И тут начинались излияния чувств: поцелуи хлопали по щекам кузенов, умножались на щеках теток и дядьев, складывались вместе, так что в общей сложности их получалось сорок восемь штук.
— Какие красавчики!
— Жарко было?
— Я его не поцеловала.
— Ты меня не поцеловала.
— Ты поцеловал своего дядюшку?
— Нуаро! Мой прекрасный песик!
— Как же они выросли!
— Пять минут пришлось потерять на железнодорожном переезде!
— На место, дрянь ты этакая! Он вам всю одежду порвет.
— Столько сейчас колясок на дорогах.
— Он же сейчас испачкает вас своими грязными руками.
— Не беспокойтесь…
— Лошадь так и норовит понести.
— Двенадцать лет, вот увидите, он еще перерастет Антуана.
Это ликование длилось минут десять, а то и дольше. Пуаро получал удар башмаком, Гюстав — подзатыльник, а Алексис, с почтительной заботливостью касаясь роскошной сбруи, которая являлась семейной гордостью, распрягал лошадь. Женщины шли в дом, а ветеринар, поскольку он был ветеринаром, говорил Оноре:
— Ну а теперь пошли посмотрим животных.
И лишь в конюшне братья начинали ощущать, как в них возрождается чувство взаимного враждебного недоверия, о котором они совсем было забыли в пылу восторженной встречи. Фердинан с серьезным видом ощупывал животных.
— Эта корова явно ест больше сена, чем травы.
— Вполне возможно, но в любом случае свои двенадцать литров она дает.
Оноре держался в стороне от коров, давая понять ветеринару, что в его советах он не нуждается. Фердинан тем не менее продолжал осмотр, подсчитывая в уме, что эта бесплатная, но тем не менее стоящая сто су (по существу, если хорошенько вникнуть) консультация уже сама по себе почти полностью окупит тот обед, которым семью угостят у его брата, так что в конечном счете привезенные из Сен-Маржлона паштет и колбаса окажутся вовсе даровым приложением.
В это воскресное утро все сразу пошло не так, как в другие воскресенья. Алексис с высоты своего орехового дерева заметил коляску, но она была настолько непохожа на дядино ландо, что он не придал ей никакого значения. Приезд Менеаля всех удивил. Оноре вышел в залатанных и расстегнутых спереди штанах. На детях была их обычная будничная одежда, на матери — фланелевая нижняя юбка в розовую полоску. Ветеринару это не понравилось, он счел, что встречать гостей в таком виде никуда не годится; ему даже сделалось стыдно перед своей женой и Люсьеной, и он знаками стал показывать Оноре, что у него в ширинке гуляет ветер.

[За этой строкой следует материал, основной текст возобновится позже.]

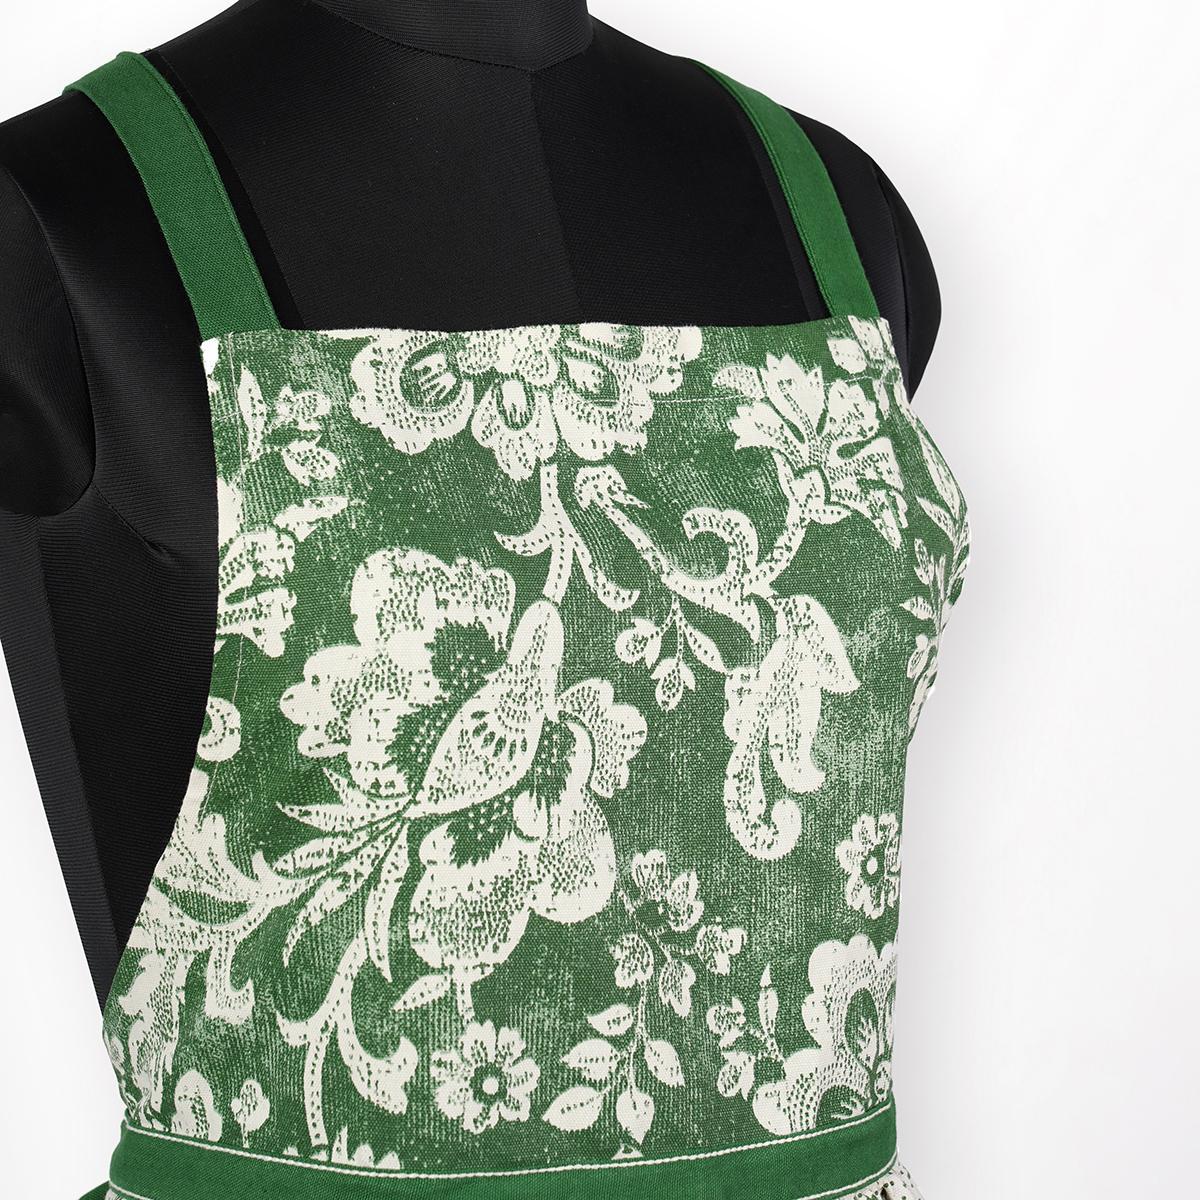 DOMINOTERIE - Green floral print apron, kitchen accessory, 100% cotton, size 27"X 35"
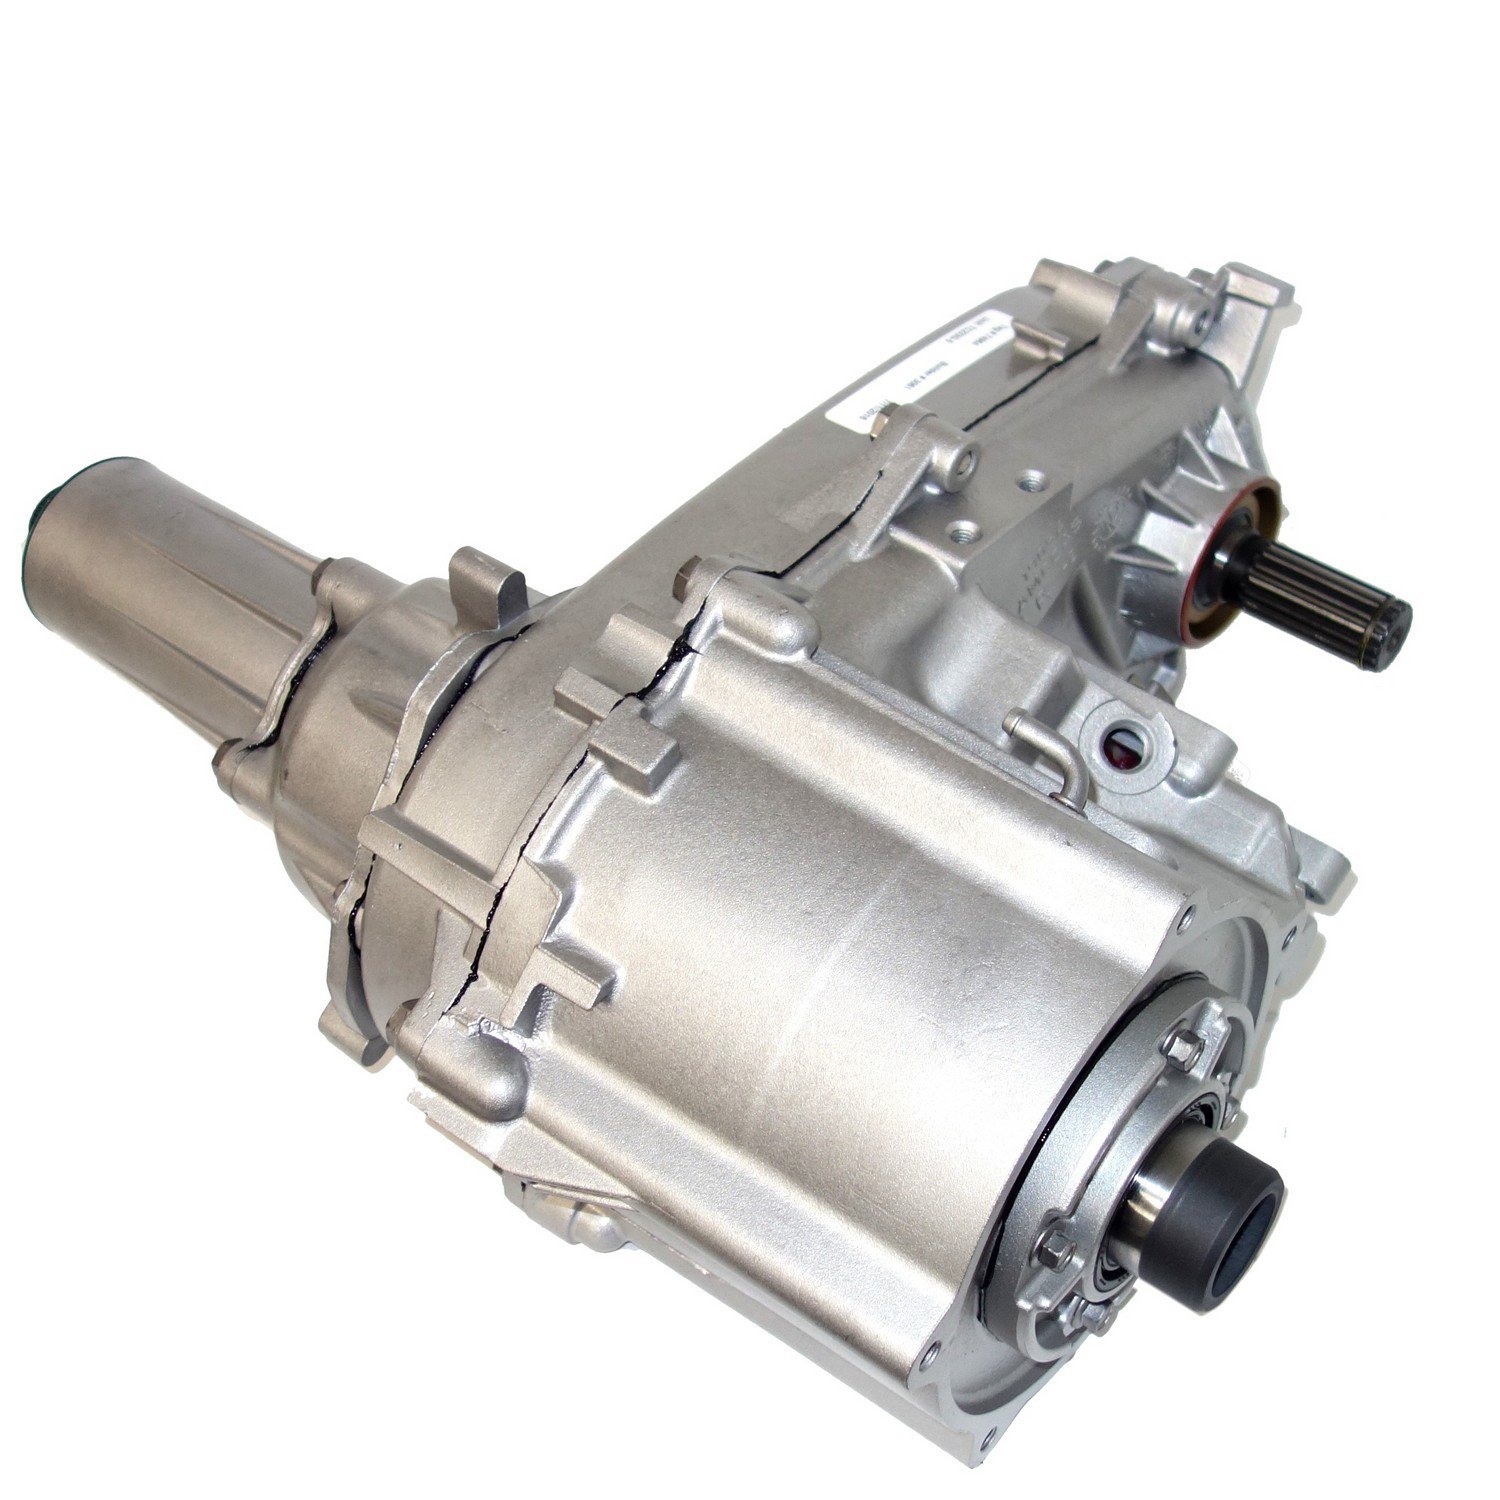 Remanufactured NP233 Transfer Case for GM 92-94 S10 & S15

Оноре, удивленный, ничего не понимал.
— Вот уже никак не ожидал увидеть вас в коляске Менеаля. А что твой вороной, не прихворнул ли?
Тут ветеринар вдруг почувствовал, как лицо его покрывает мертвенная бледность. Резко прервав объятия, он прошептал убитым голосом:
— Пошли посмотрим животных.
А поскольку Оноре обменялся еще несколькими словами с Менеалем, он подтолкнул его локтем и взмолился:
— Животных…
Когда они оказались в конюшне, Фердинан поднял на брата испуганный взгляд:
— Так ты, значит, не получил моего письма?
— Да нет, ты будешь сейчас смеяться. Деода потерял его; представь себе, письмо выпало у него из сумки, когда он дрался с возвращавшимися со школы детьми. Он приходил сообщить мне об этом, бедняга Деода, и расстроен был ужасно… Но что с тобой?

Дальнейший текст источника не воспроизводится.